Ни на следующей станции, ни через одну поезд не встретили свистки,
наряды милиции, шеренги служителей в черных мундирах, Арсения не
выволокли на перрон, не заломили рук, не потащили куда-то в подвал, и
кровь постепенно стала униматься, пульсировать в висках не так уже
больно, не так бешено, и все препятствия, все преграды на пути к
последнему поезду - ради их преодоления Арсений каких-то несколько
минут назад готов был пойти чуть ли не на смерть, на убийство, на
взрыв мавзолея ли, метрополитена, всей ли Москвы! - представились
сейчас не более чем комическим, не стоящим ни внимания, ни эмоций, во
всяком случае отрицательных, qui pro quo, а сам Арсений, только что
бежавший, оравший, бросавшийся на милиционера и на дежурную, вызывал у
себя разве улыбку. Но, с другой стороны, не бежал, не орал бы - так
ему и остаться бы на улице, потому что на такси денег нету: все
положено утром в сберкассу, - Олиной квартиры он в жизни не отыскал
бы, да и неловко туда соваться после случившегося, - остаться бы на
улице до половины шестого, до открытия, и мало что намерзнуться
вдоволь - еще и пропустить автомобильную запись.

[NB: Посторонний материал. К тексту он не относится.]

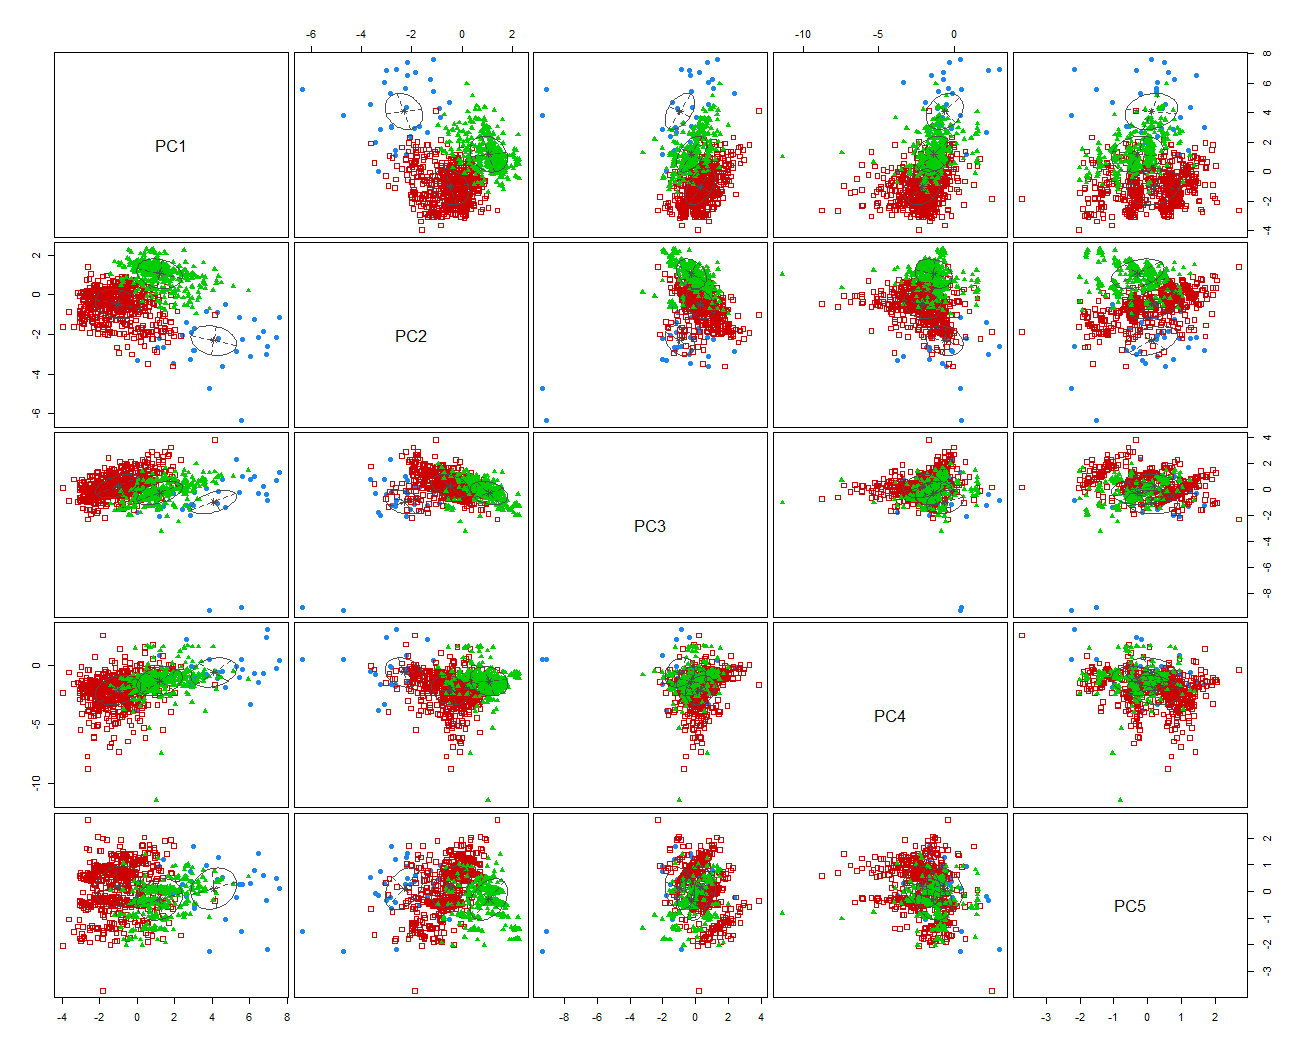 Bivariate plots of the PCA coordinate values with outliers removed.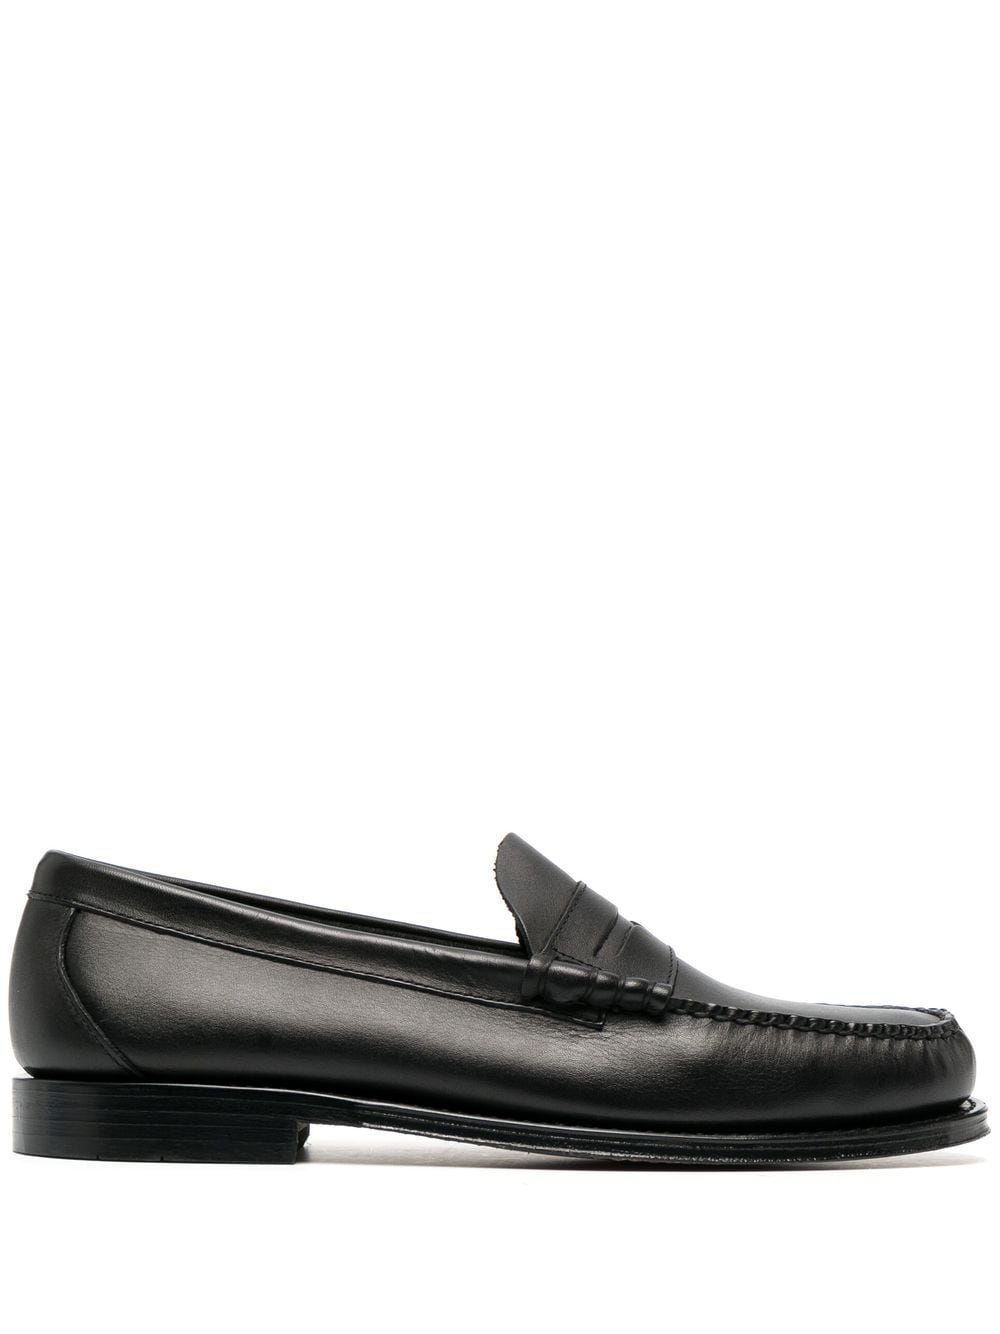 G.H. Bass & Co. Weejuns Larson Penny loafers - Black von G.H. Bass & Co.

Выбежав от Икалтойской, Арсений огляделся: автомобили, автомобили,
автомобили - в ряд, вдоль подъездов, мертвые, выстуженные, пустые
автомобили жильцов, ни души вокруг, спросить дорогу к метро просто не
у кого - и наугад, понадеявшись на интуицию городского жителя,
двинулся по диагонали огромного двора, которая в местах, где
пересекала участки газонов, материализовывалась кусками натоптанной
тропинки. Черная, застывшая зыбью грязь обступала относительно светлую
тропинку с обеих сторон, а порою покушалась и на ее утоптанную плоть,
и тогда тропинка защищалась положенными плашмя кирпичными половинками
да обломками случайных досок. На улице стоял не замеченный из машины,
а может, только в последние полчаса и упавший на землю весенний ночной
морозец, и корочки льда, на которые израсходовался весь скудный запас
воды маленьких, в асфальтовых выбоинах обосновавшихся лужиц, за
белизною своею скрывали пустоту и приятно похрустывали под ногою.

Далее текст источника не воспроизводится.